What happens if the player presses the jump button 50 milliseconds before they hit the ground? In a strict simulation, the jump command is ignored because they are still in the air. When they land a fraction of a second later, they don't jump, and they run straight into an obstacle.

Input buffering solves this by remembering the player's button press for a short window and executing it as soon as the action becomes valid.

if (input.jump) {
    player.jumpBuffer = 0.1; // Remember the press for 100ms
} else {
    player.jumpBuffer -= deltaTime;
}

// Execute the buffered jump if they land shortly after pressing it
if (player.jumpBuffer > 0 && player.isGrounded) {
    player.velocityY = jumpStrength;
    player.jumpBuffer = 0;
}

When you combine Input Buffering with Coyote Time, you cover human error on both sides of a jump: pressing too early and pressing too late. This combination is the industry secret behind every platformer that is praised for its "tight controls."

Asymmetric Hitboxes

In the real world, objects have physical boundaries that match their visual boundaries exactly. In game design, aligning hitboxes directly to the sprite's pixels is often a mistake.

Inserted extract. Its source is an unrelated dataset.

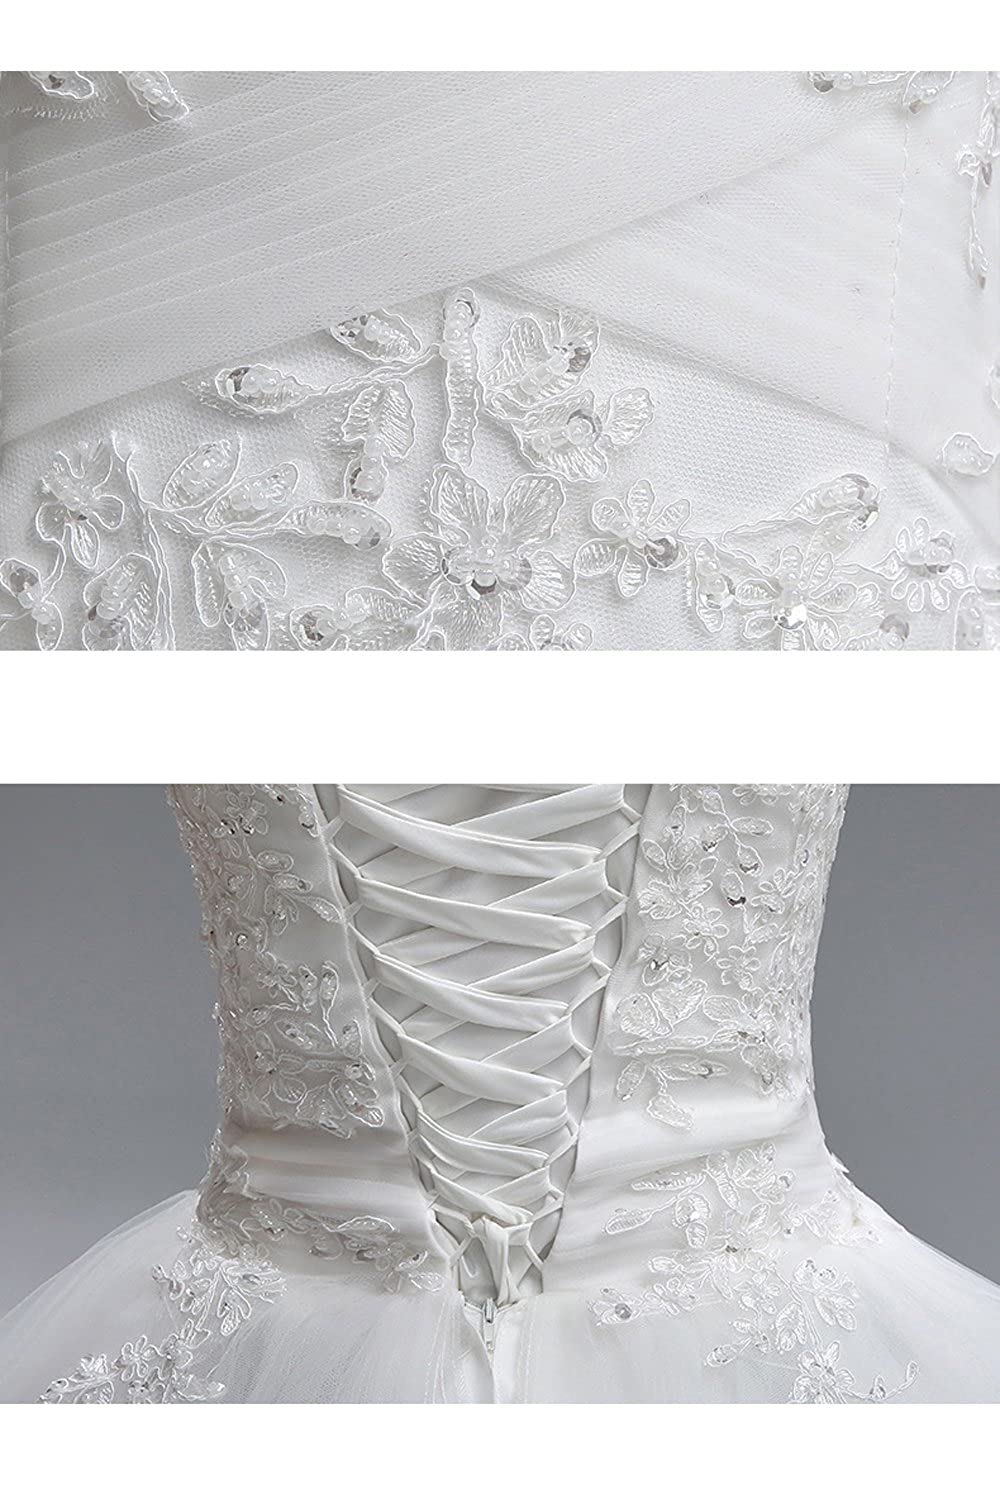 White Off The Shoulder Ball Gown Wedding Dress for Bride Wedding Bride Dress

  • The Player's Hitbox: Should almost always be slightly smaller than the visual sprite. If an enemy bullet grazes the very edge of the player's cape, the player feels they dodged it. If that counts as a hit, the game feels unfair.
  • The Enemy's Hitbox: Should be slightly larger than their visual sprite. When a player swings a sword and the animation barely misses the enemy by a pixel, letting the attack connect makes the player feel powerful.
  • Collectibles: Coins and power-ups should have massive, generous hitboxes. Players hate having to backtrack just to touch a coin they missed by two pixels.

Manipulating Probability (RNG)

Humans are notoriously bad at understanding true probability. If a player has a 90% chance to hit an enemy, and they miss twice in a row (a 1% probability—unlikely, but entirely possible), they will perceive the game as "broken".

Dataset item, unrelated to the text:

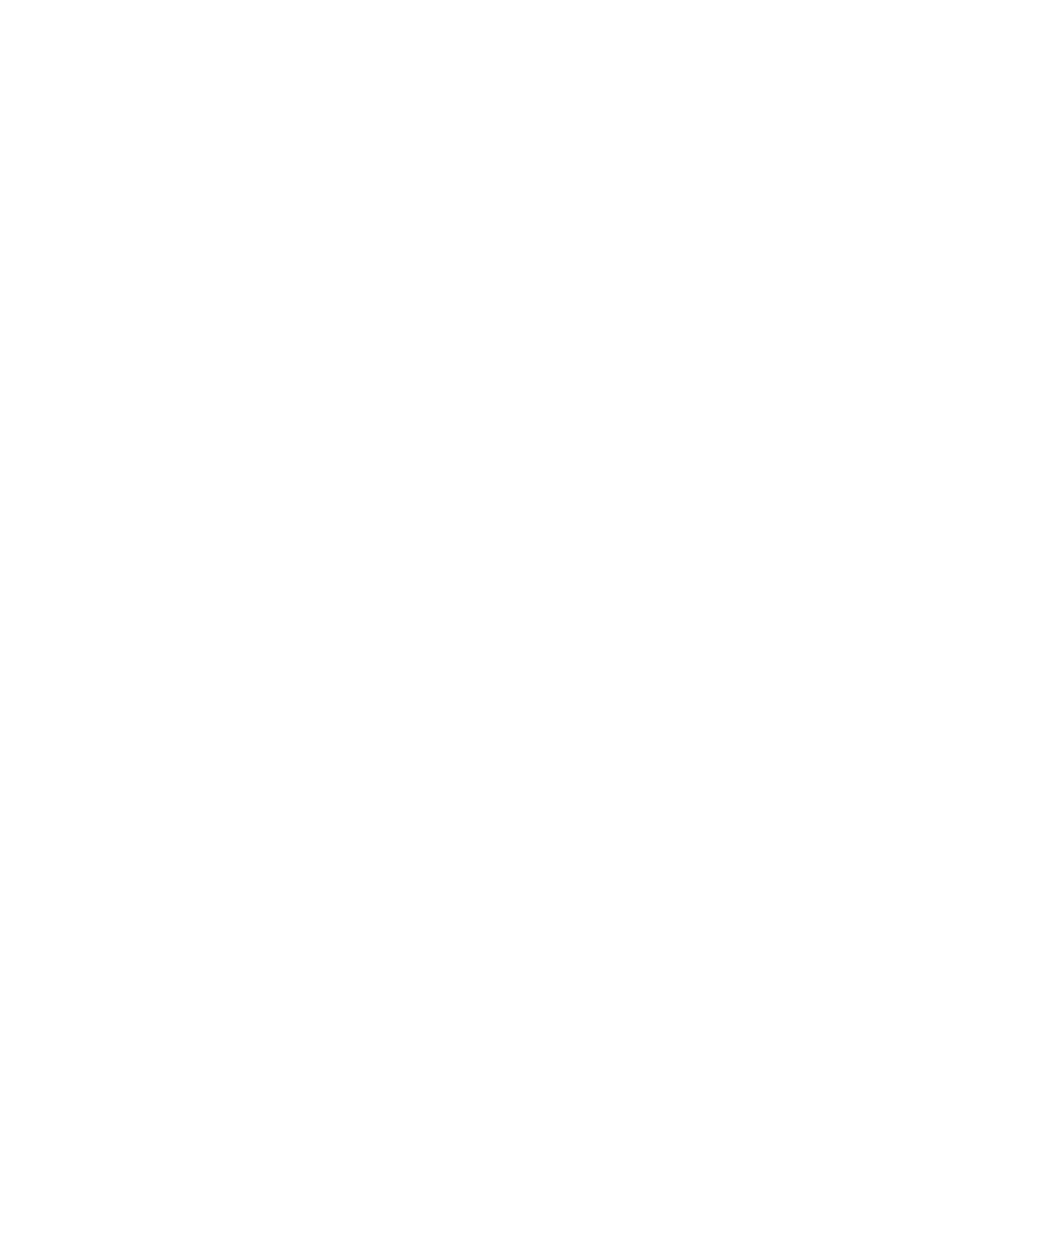 ADPM Drones

To counteract this, many strategy games use a "Pseudo-Random Distribution" (PRD). Instead of every attack having a flat 90% chance, the game might start the chance at 70%, and increase the hidden probability by 20% every time the player misses, guaranteeing a hit very quickly. Alternatively, many UI readouts lie: if the game says "95% chance to hit", the actual background code might treat it as a 100% chance to prevent extreme frustration.

Conclusion

A designer's job is not to build a realistic simulation; it is to build an experience. By bending the rules of physics, time, and math in the player's favor, we bridge the gap between human imperfection and computer precision. The result is a game that feels fair, responsive, and immensely satisfying.